Although the vast majority had their roots in Africa, not all slaves made the trip directly to America, some came from other Hispanic territories. Those from Africa belonged mainly to groups coming from Western Sudan and ethnic Bantu.

The origin of the slaves is known through various documents such as transcripts of sales. Originally the slaves came from Cape Verde and Guinea[7]. Later slaves were also taken from Angola and the Canary Islands.[8]

To decide the sex of the slaves that would be sent to the New World, calculations that included physical performance and reproduction were performed.
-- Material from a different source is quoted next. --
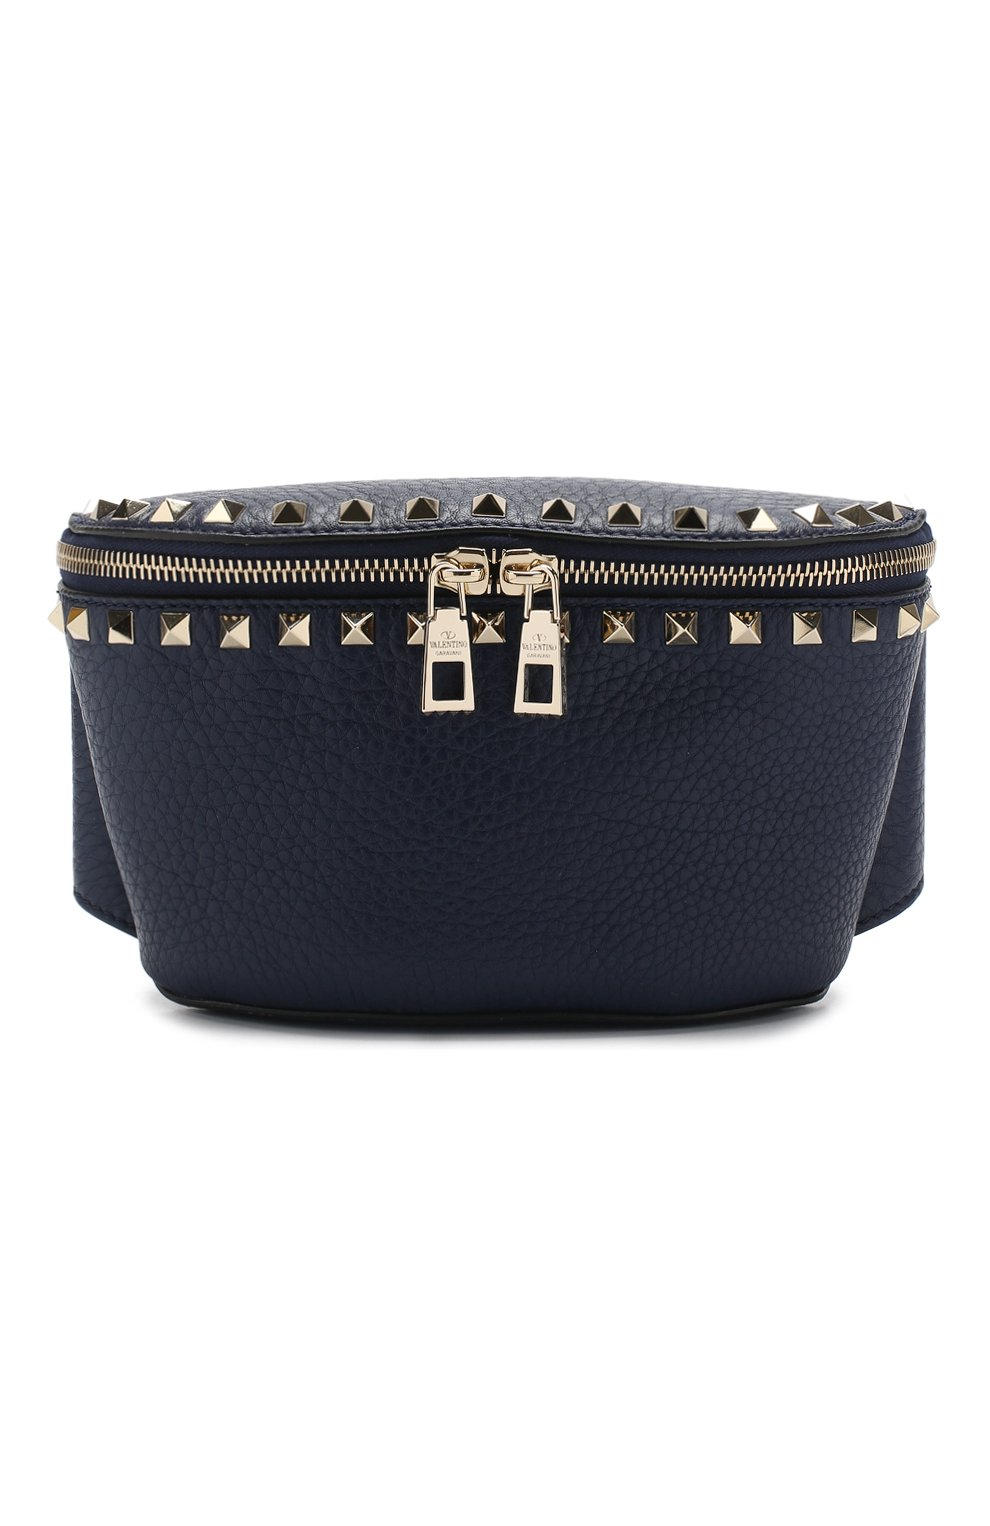 Поясная сумка Valentino Garavani Rockstud Valentino темно-синяя | Фото №1

At first half of the slaves imported were women and the other half men, but it was later realized that men could work longer without fatigue and that they yielded similar results throughout the month, while women suffered from pains and diseases more easily.[8] Later on, only one third of the total slaves were women.

From the African continent dark skinned slaves were taken; "the first true blacks were extracted from Arguin."[9] Later in the sixteenth century, black slaves came from Bran, biafadas and Gelofe (in Cape Verde). Black slaves were classified into several types, depending on their ethnic group and origin, but mostly from physical characteristics. There were two main groups. The first, called Retintos, also called swarthy, came from Sudan and the Guinean Coast. The second type were amulatados or amembrillados of lighter skin color, when compared with other blacks and were distinguishable by their yellow skin tones.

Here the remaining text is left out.